Questionné en début de semaine au sujet de l'avancement du projet de colisée, le maire Yves Lévesque soutient qu'il souhaite toujours une rencontre avec Québec, afin de vendre l'idée de partenariat public-privé. Rappelons que la Ville propose que Québec finance en partie la construction du colisée par un promoteur privé et que celui-ci gère les installations durant 25 ans, tout en ayant une entente avec la Ville pour l'utilisation des heures de glace. Le maire estime que cette formule engrangera des profits de 500 000 $ après 25 ans. 

Alors que Québec tarde à annoncer le projet de colisée, le Groupe Robin prend son mal en patience. «On souhaite qu'il se réalise dans notre projet. Ça serait un moteur qui serait très important. Mais ce n'est pas nous qui allons construire le colisée», a souligné M. Robin en avouant que des entreprises hésitent à s'établir au District 55, ne sachant pas si le projet de Colisée va se concrétiser. 

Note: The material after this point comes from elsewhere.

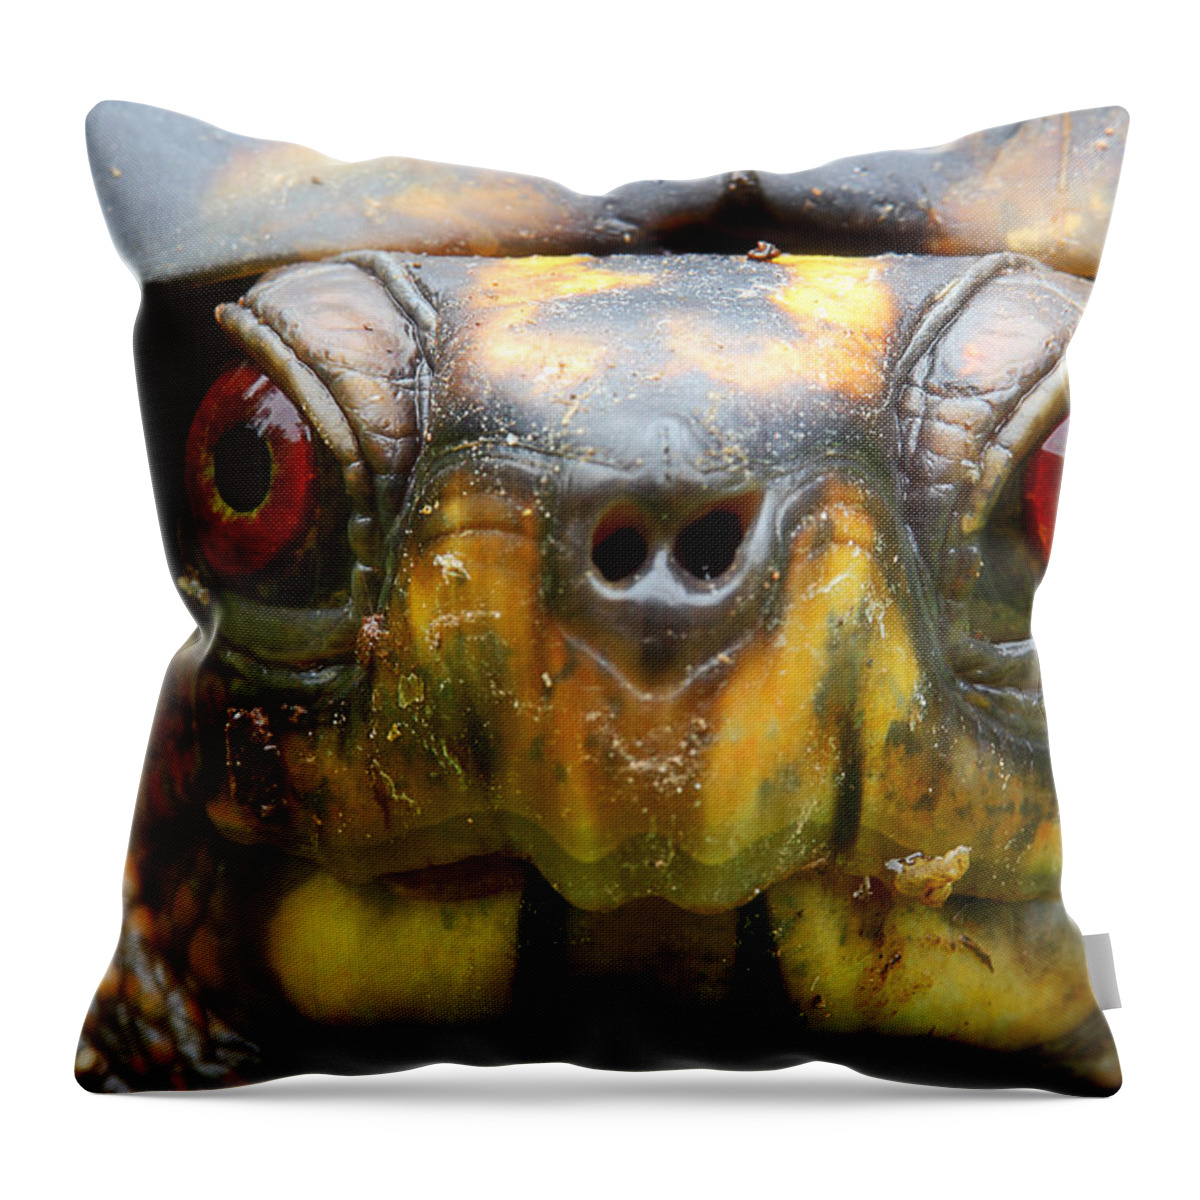 Eastern Box Turtle Throw Pillow featuring the photograph Eastern Box Turtle 2 by Michael Eingle
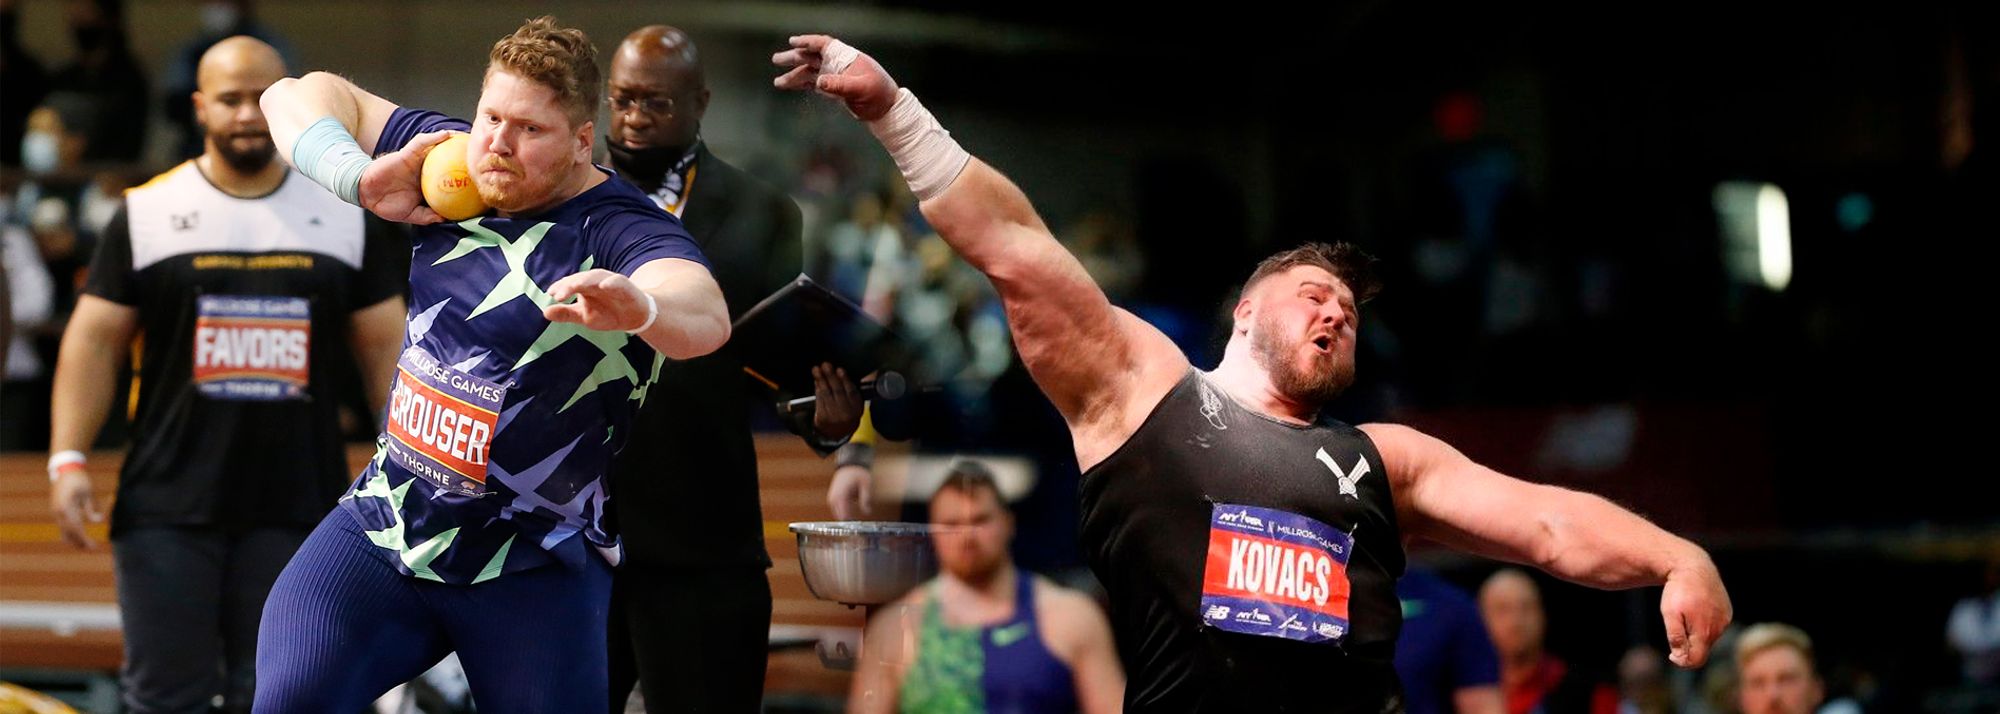 Ryan Crouser and Joe Kovacs will renew their shot put rivalry at the Millrose Games

«Certains bannières regardent différents concepts. Avec la venue d'un colisée ou d'un centre de congrès, ça amène un achalandage qui est beaucoup plus grand. Avant de bouger, les gens préfèrent attendre. Et ils peuvent se permettre d'attendre, car le projet débute.»

Le directeur général d'Innovation et développement économique (IDE) Trois-Rivières, Mario De Tilly, estime que les lois du marché vont dicter l'emplacement d'un nouveau centre de foires. «On est très sensible sur le maintien des activités au centre-ville», a-t-il toutefois souligné. «Il y a une certaine urgence, car des villes comme Lévis ou Saint-Hyacinthe se sont dotées de cet équipement. Est-ce que ça doit se faire à court terme? Pas nécessairement. Il faut prendre le temps de faire une analyse concurrentielle. Il y a déjà des joueurs à Trois-Rivières qui offre déjà ce service, je pense au Delta, il faut prendre le temps de bien encadrer avec une volonté politique.»